Desta Bishu | July 11th, 2009 at 3:35 am | | Print This Post

Tropical pitcher plants are among the planet’s stranger species, digesting ants and other insects that slip and fall into their bowls.

But Nepenthes lowii, a pitcher plant found in Borneo, is stranger still. It gets its nutrition not from insects but from tree shrews, which use the plant as a toilet.

Jonathan A. Moran of Royal Roads University in British Columbia, Charles M. Clarke of Monash University in Malaysia and colleagues describe this “novel nitrogen sequestration strategy” in a paper in Biology Letters.

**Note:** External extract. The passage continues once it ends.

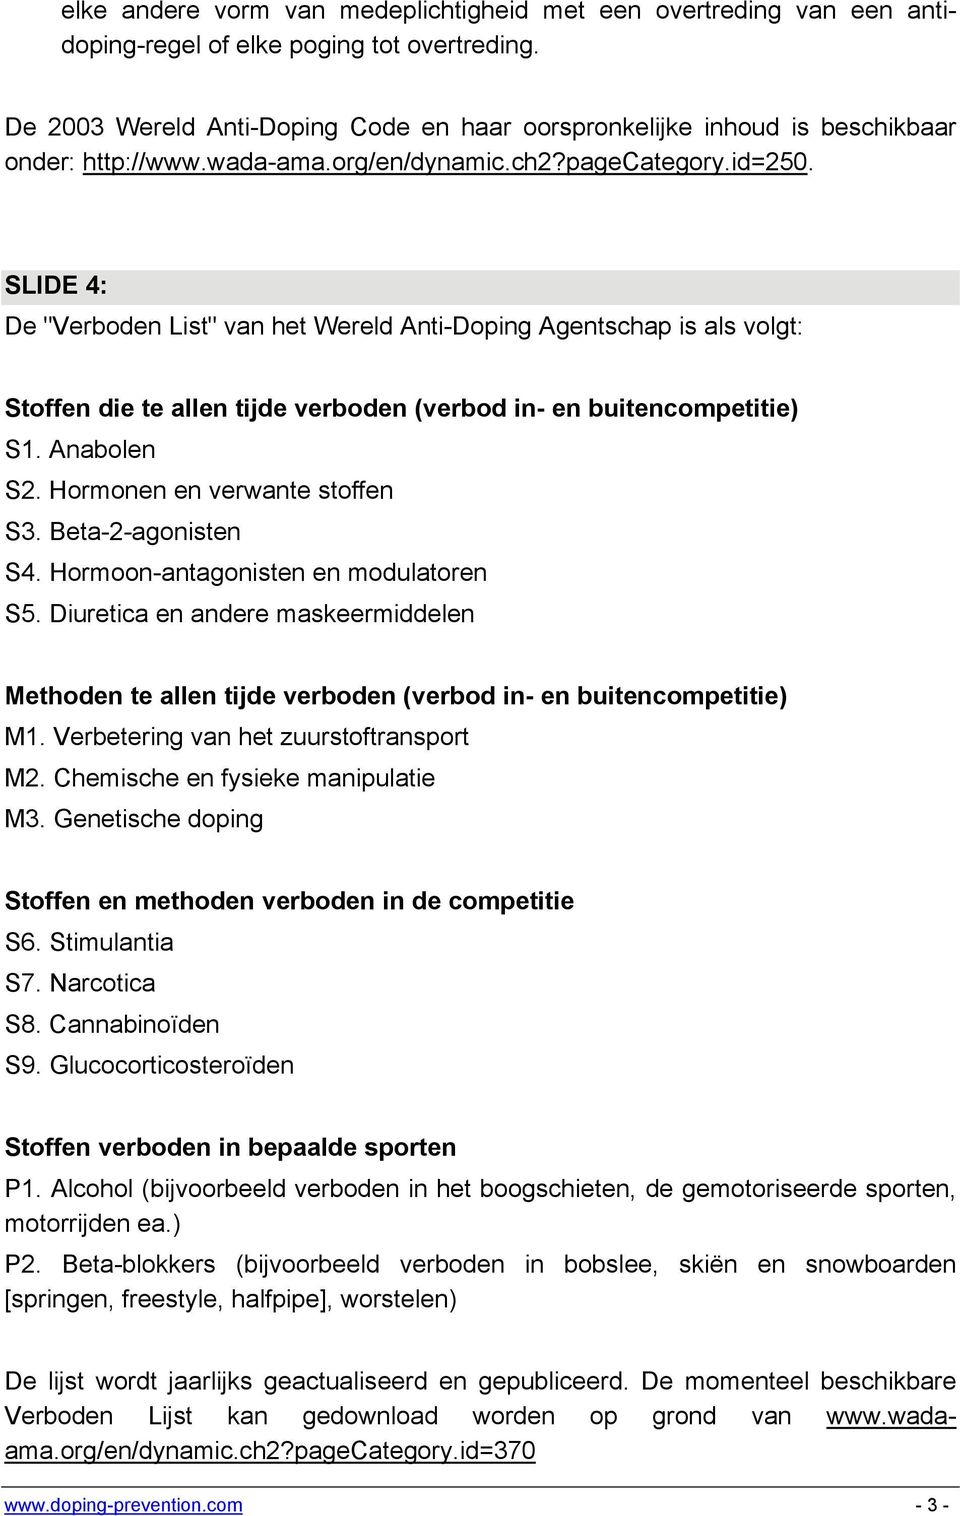 SLIDE 4: De "Verboden List" van het Wereld Anti-Doping Agentschap is als volgt: Stoffen die te allen tijde verboden (verbod in- en buitencompetitie) S1. Anabolen S2. Hormonen en verwante stoffen S3.

Using isotopic analysis, they estimate that shrew feces deposited in N. lowii’s pitchers are a significant source of nitrogen for the plants.

N. lowii is found at higher elevations where ants and other insects are less abundant, said Dr. Moran, who has studied pitcher plants for two decades. In its immature stage, the plant grows a bowl that is near the ground and makes do with the few ants available. “When you start small, you have to catch something,” Dr. Moran said.

But the mature plant grows pitchers that are in the air. Tree shrews visit the plants to eat nectar that oozes from the bowl’s open lid, positioning themselves directly over the bowl. “Form follows function,” Dr. Moran said. N. lowii’s bowls “even look like toilets,” he added, “though we were too polite to say that in the paper.”